» Data for review:
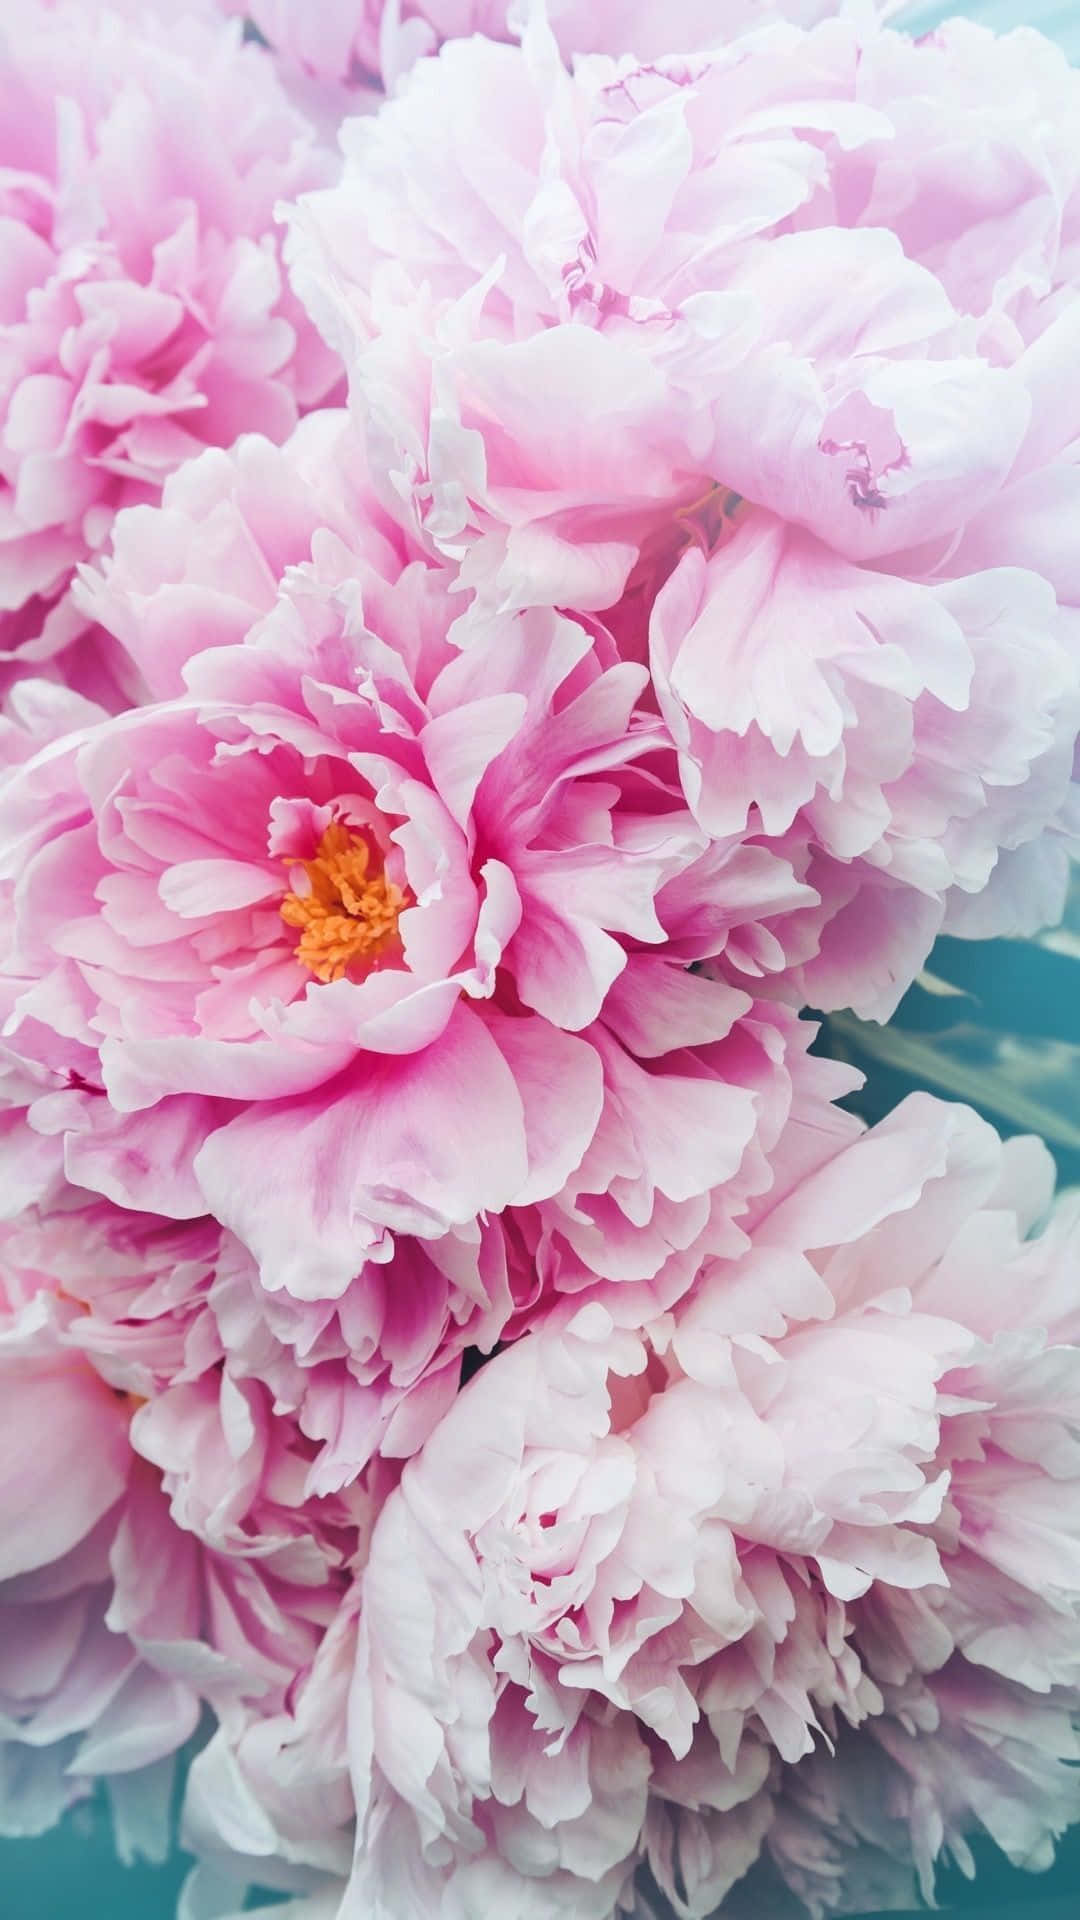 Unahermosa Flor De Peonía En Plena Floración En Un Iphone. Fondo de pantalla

---

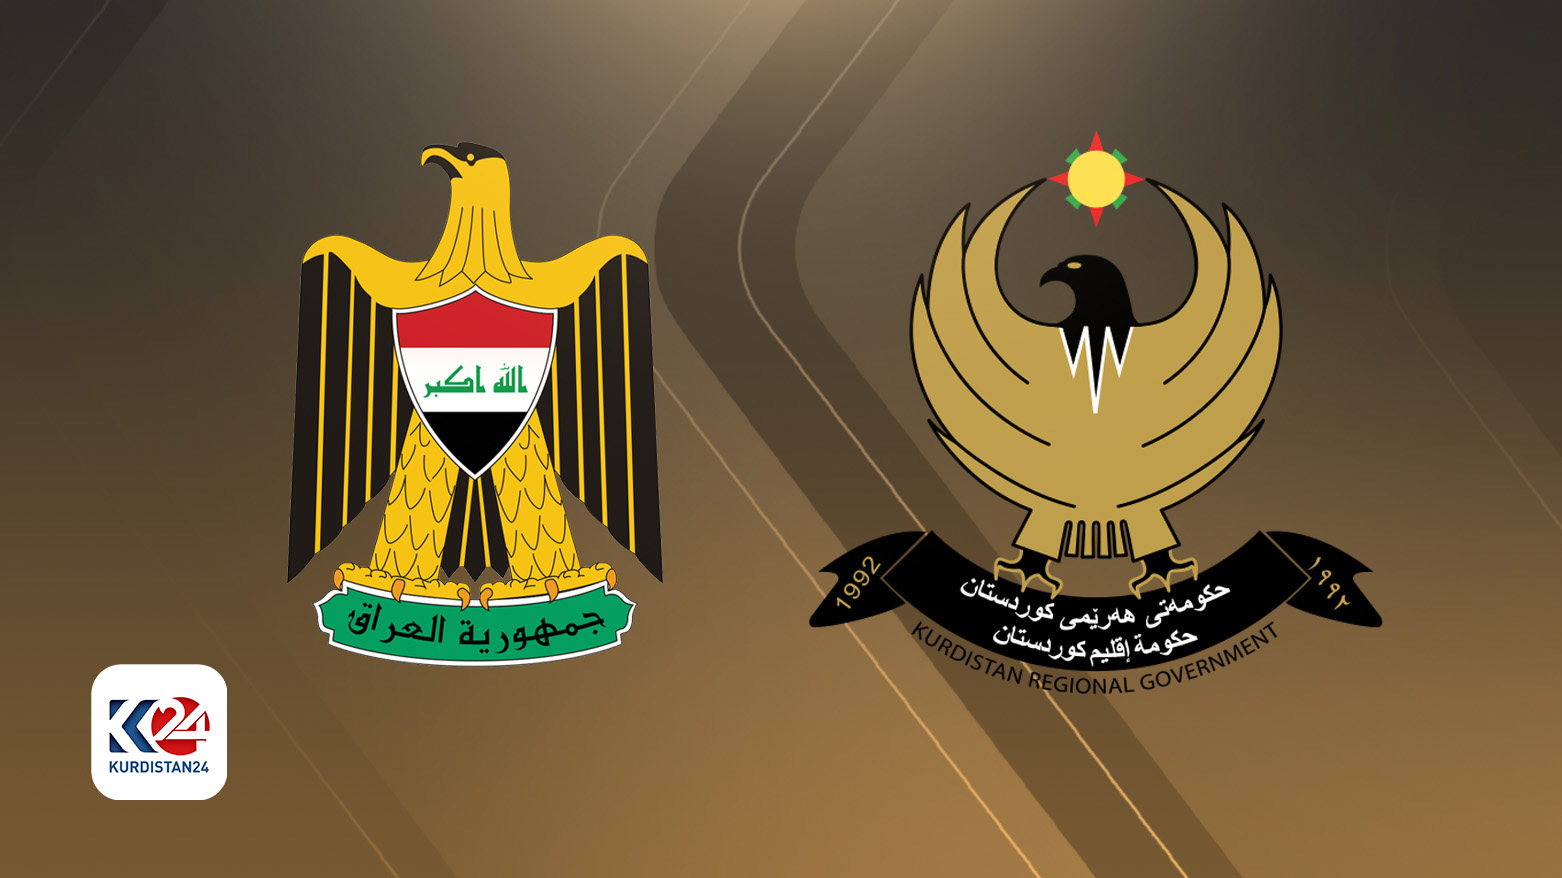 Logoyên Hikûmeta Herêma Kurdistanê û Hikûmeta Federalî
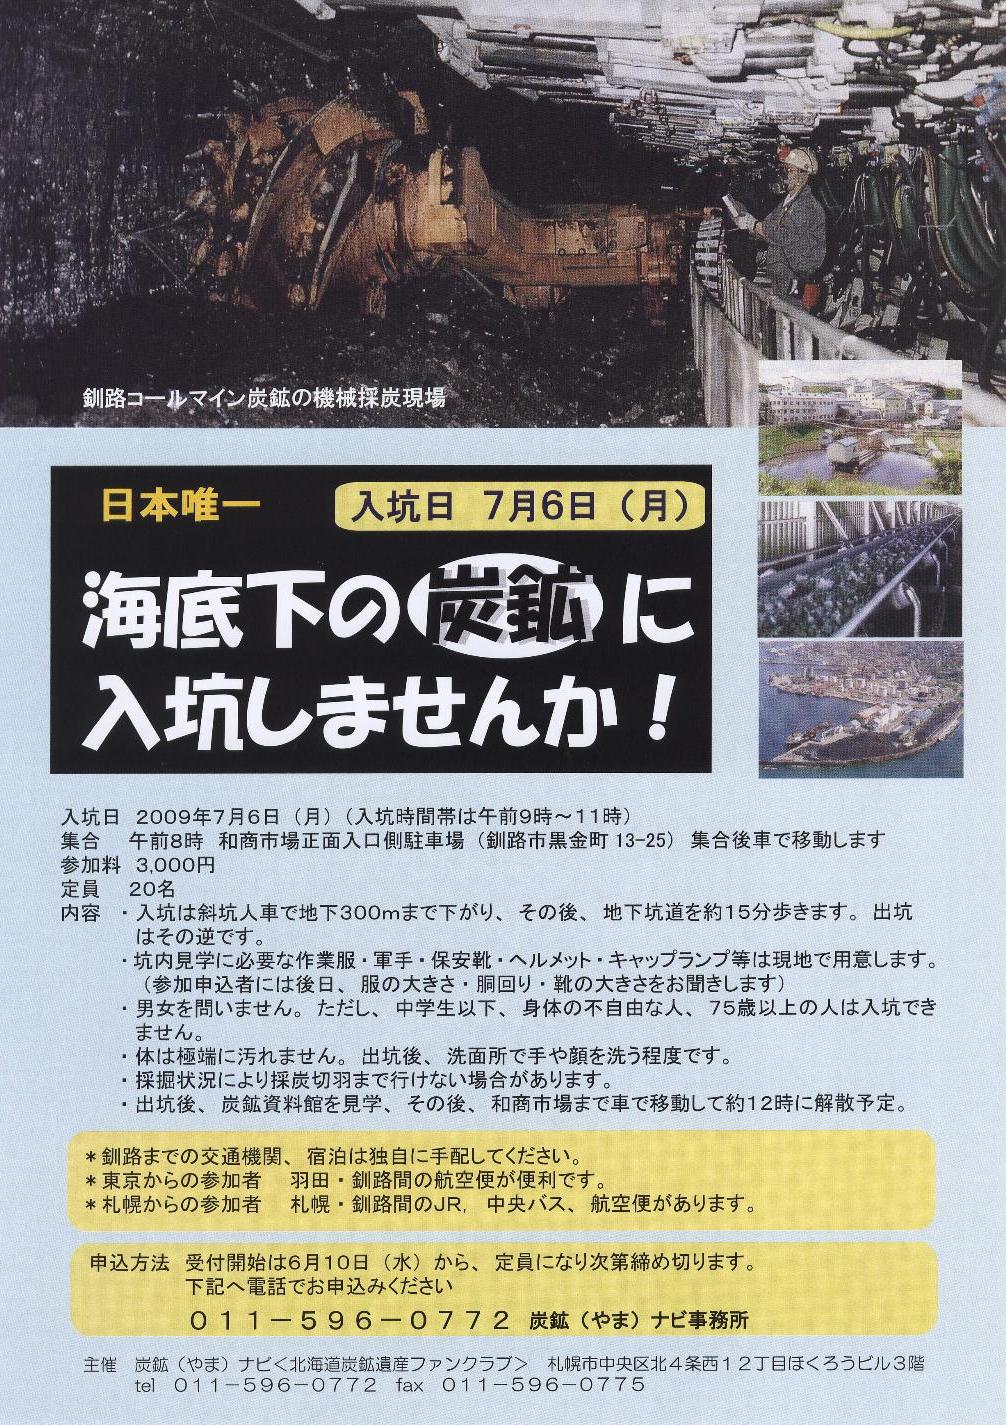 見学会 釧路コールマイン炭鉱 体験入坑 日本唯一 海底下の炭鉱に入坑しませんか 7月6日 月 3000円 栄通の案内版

» Aim of the task: Looking at the listing above, which lines run from the one containing "Logoyên Hikûmeta Herêma" through the one containing "見学会 釧路コールマイン炭鉱 体験入坑"? Print exactly those, ends included, pictures excluded.

» The completed task:
 Logoyên Hikûmeta Herêma Kurdistanê û Hikûmeta Federalî
 見学会 釧路コールマイン炭鉱 体験入坑 日本唯一 海底下の炭鉱に入坑しませんか 7月6日 月 3000円 栄通の案内版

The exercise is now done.